Thu Feb 1 20:00:14 UTC 2024

Hey,

On 2024-02-01 20:26, Matthew Brost wrote:
> On Thu, Feb 01, 2024 at 08:18:52PM +0100, Maarten Lankhorst wrote:
>>
>>
>> On 2024-02-01 01:48, Matthew Brost wrote:
>>> A REMAP op is composed of 3 VMA's - unmap, prev map, and next map.

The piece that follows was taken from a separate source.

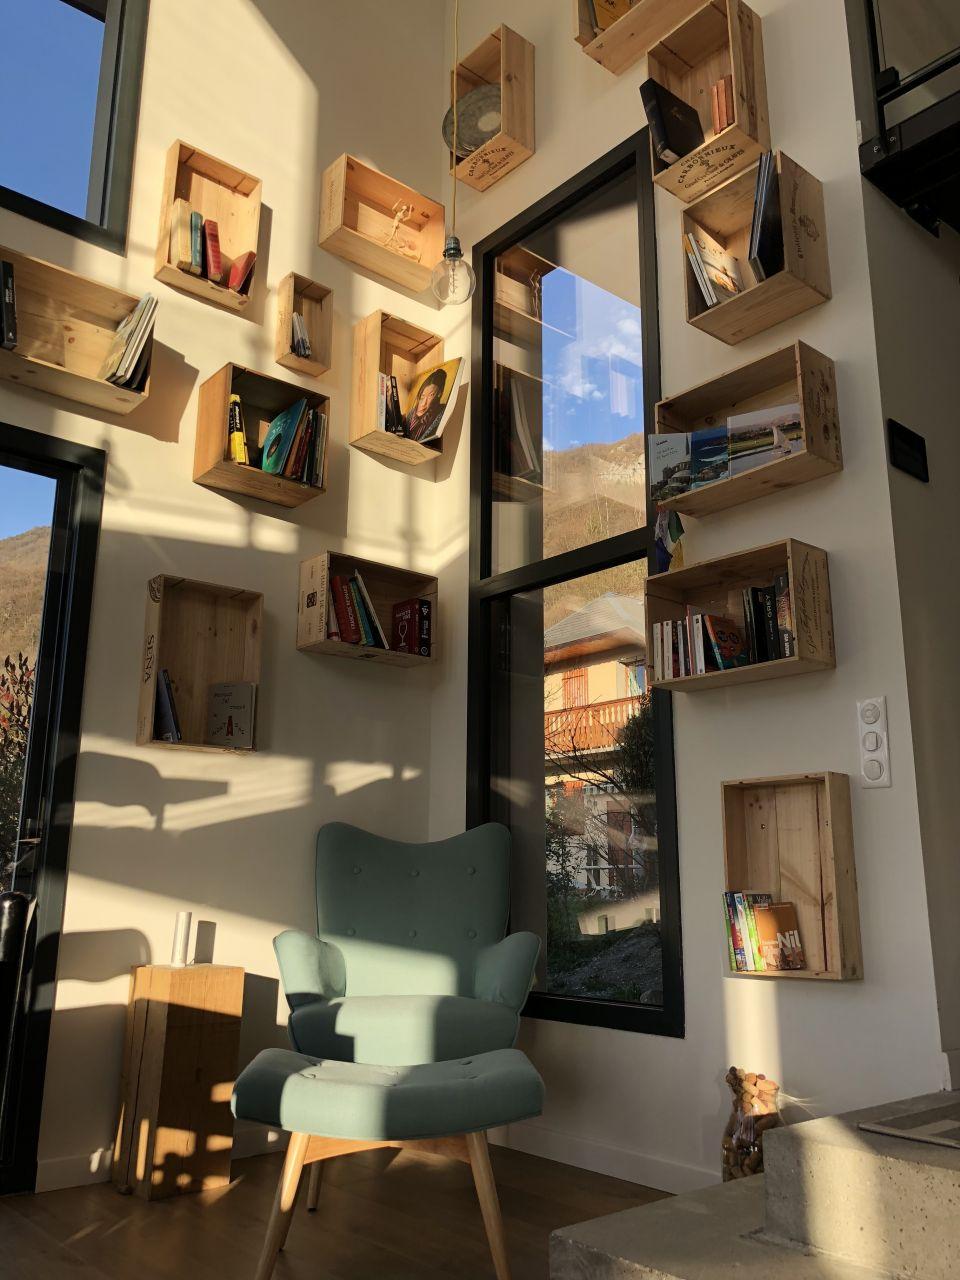 New bibliothèque

When
>>> op_execute fails with -EAGAIN we need to update the local VMA pointer to
>>> the current op state and then repin the VMA if it is a userptr.
>>>
>>> Fixes a failure seen in xe_vm.munmap-style-unbind-userptr-one-partial.
>>>
>>> Fixes: b06d47be7c83 ("drm/xe: Port Xe to GPUVA")
>>> Signed-off-by: Matthew Brost <matthew.brost at intel.com>
>>> ---
>>>    drivers/gpu/drm/xe/xe_vm.c | 22 +++++++++++++++++-----
>>>    1 file changed, 17 insertions(+), 5 deletions(-)
>>>
>>> diff --git a/drivers/gpu/drm/xe/xe_vm.c b/drivers/gpu/drm/xe/xe_vm.c
>>> index e55161136490..2ab863fe7d0a 100644
>>> --- a/drivers/gpu/drm/xe/xe_vm.c
>>> +++ b/drivers/gpu/drm/xe/xe_vm.c
>>> @@ -2506,13 +2506,25 @@ static int __xe_vma_op_execute(struct xe_vm *vm, struct xe_vma *vma,
>>>    	}
>>>    	drm_exec_fini(&exec);
>>> -	if (err == -EAGAIN && xe_vma_is_userptr(vma)) {
>>> +	if (err == -EAGAIN) {
>>>    		lockdep_assert_held_write(&vm->lock);
>>> -		err = xe_vma_userptr_pin_pages(vma);
>>> -		if (!err)
>>> -			goto retry_userptr;
>>> -		trace_xe_vma_fail(vma);
>>> +		if (op->base.op == DRM_GPUVA_OP_REMAP) {
>>> +			if (!op->remap.unmap_done)
>>> +				vma = gpuva_to_vma(op->base.remap.unmap->va);
>>> +			else if (op->remap.prev)
>>> +				vma = op->remap.prev;
>>> +			else
>>> +				vma = op->remap.next;
>>> +		}
>> I see this same vma picking in handling of DRM_GPUVA_OP_REMAP.
>>
>> Could the switch in xe_vma_op_execute() be moved to a separate pick_vma
>> function instead, called from this place too?
>>
>> It might make the code slightly more readable.
>>
> 
> I would agree if this code wasn't going get rewritten shortly in [1]. We
> are transiting to 1 job per VM bind IOCTL in [1]. I currently am
> reworking on rebasing that code and found a few bugs in the current
> code. I want to stablize the code quickly so I czn reliably test my
> larger changes.
> 
> Would it help if I added comment here saying this code is temporary?
Oh that gives some context. The infinite loop fix in one patch is caused 
by the first patch in that series.

I'd personally choose to fix it here, then when r ebasing put a revert 
before 21/27 and squash?

Cheers,
~Maarten